Sometimes, when I surprised him on a muddy shore and he flew away without taking even one of his tidbits, I would follow his back track and uncover his hiding places to see what he had caught. Frogs, fish, pollywogs, mussels, a baby muskrat,—they were all there, each hidden cunningly under a bit of dried grass and mud. And once I went away and hid on the opposite shore to see if he would come back. After an hour or more he appeared, looking first at my tracks, then at all the shore with greater keenness than usual; then he went straight to three different hiding places that I had found, and two more that I had not seen, and flew away to his nest, a fringe of frogs and fish hanging at either side of his long bill as he went.

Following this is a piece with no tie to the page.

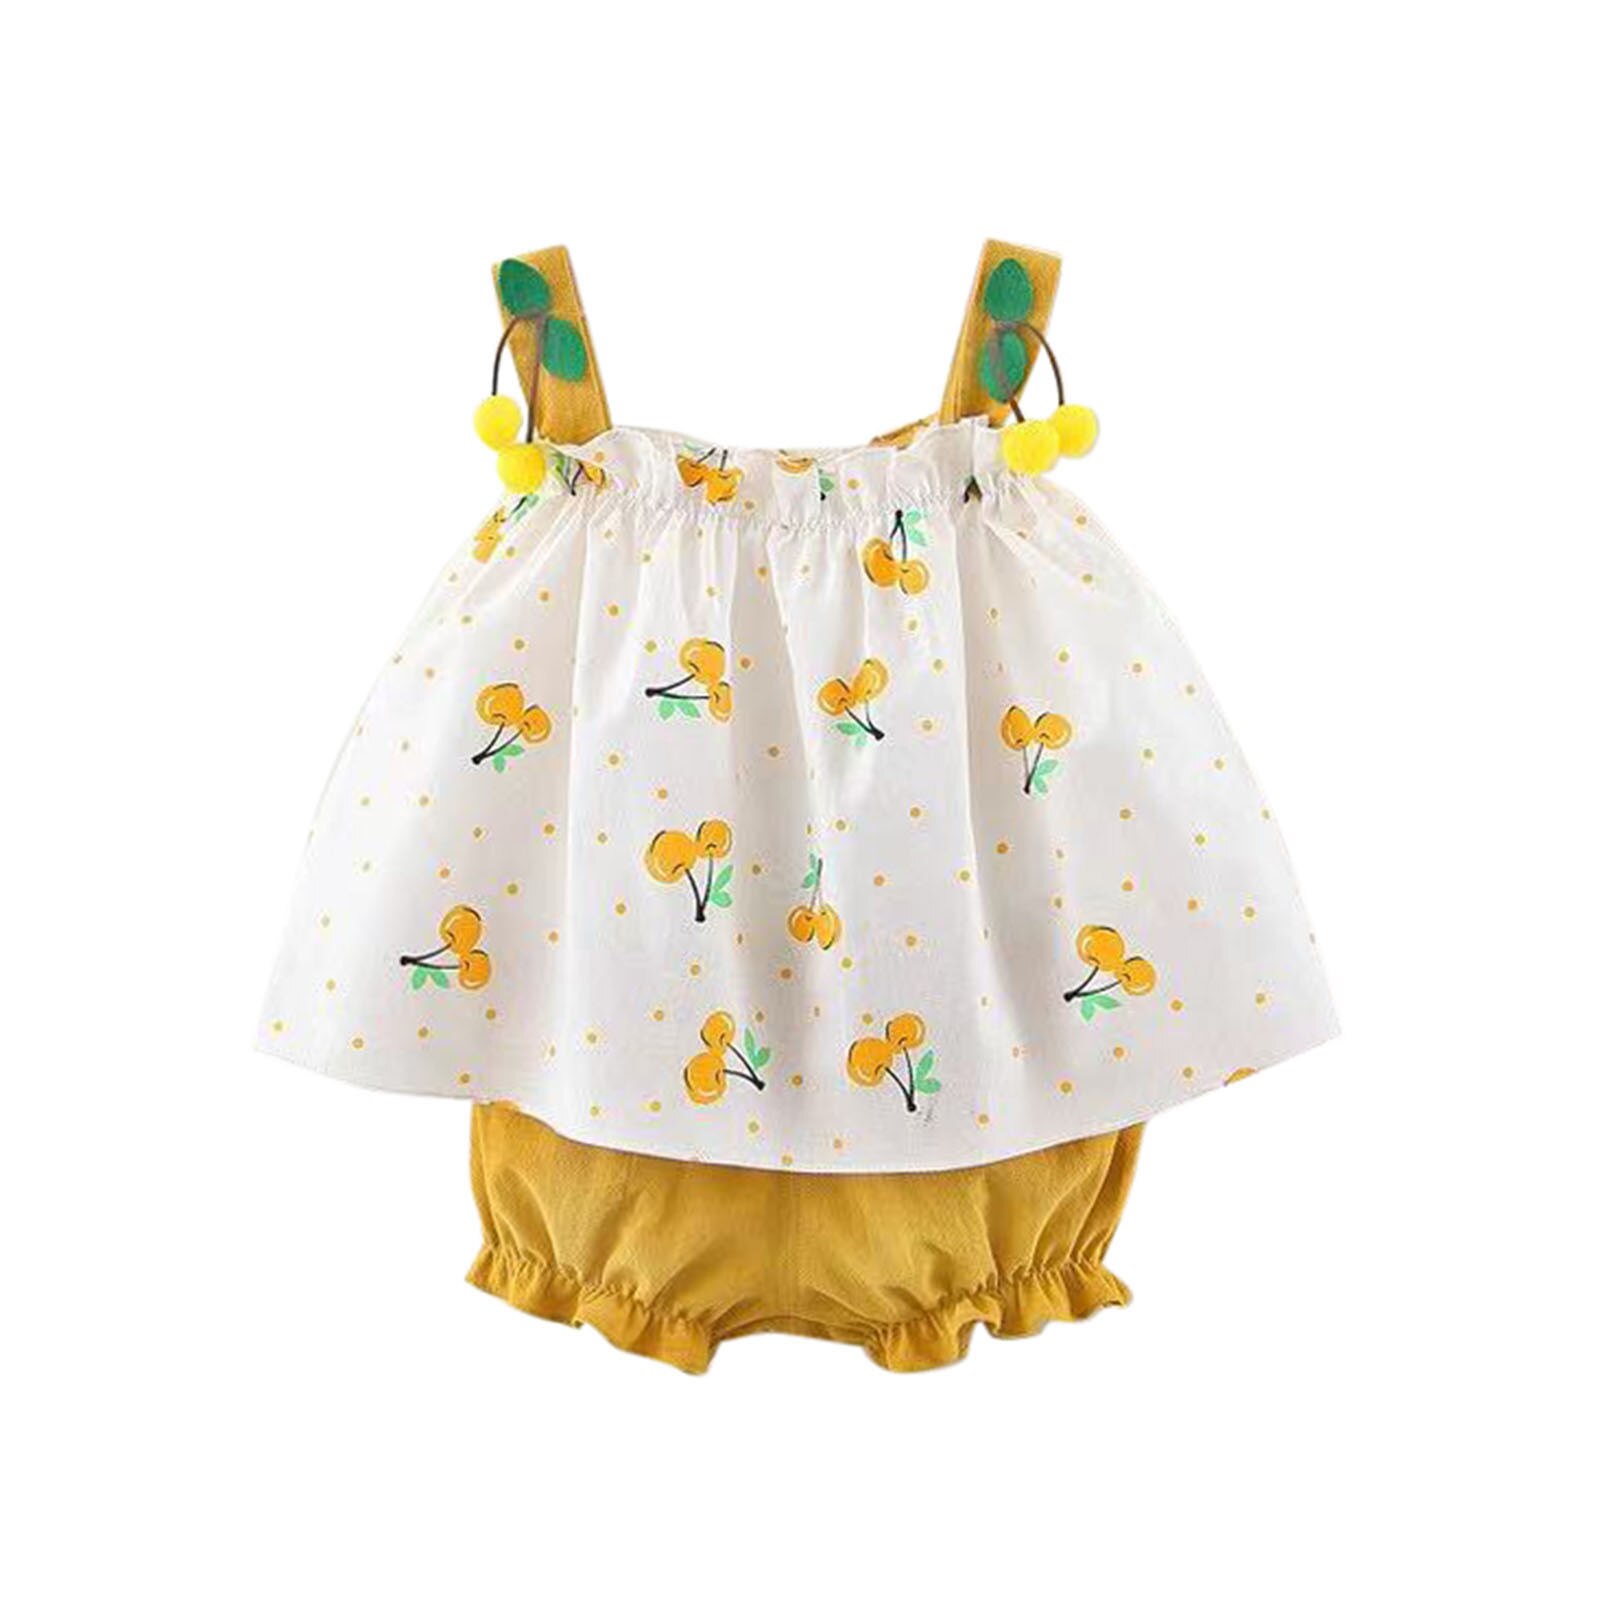 Meisjes Kleding Mouwloze Jurk Baby Baby Meisjes Bretels Polka Dot Print Jurk Tops Shorts Outfits Kinderkleding Sets: YELLOW / 3T

He had arranged them on the ground like the spokes of a wheel, as a fox does, heads all out on either side, and one leg or the tail of each crossed in a common pile in the middle; so that he could bite down over the crossed members and carry the greatest number of little frogs and fish with the least likelihood of dropping any in his flight.

The mussels which he found were invariably, I think, eaten as his own particular tidbits; for I never saw him attempt to carry them away, though once I found two or three where he had hidden them. Generally he could crack their shells easily by blows of his powerful beak, or by whacking them against a root; and so he had no need (and probably no knowledge) of the trick, which every gull knows, of mounting up to a height with some obstinate hardshell and dropping it on a rock to crack it.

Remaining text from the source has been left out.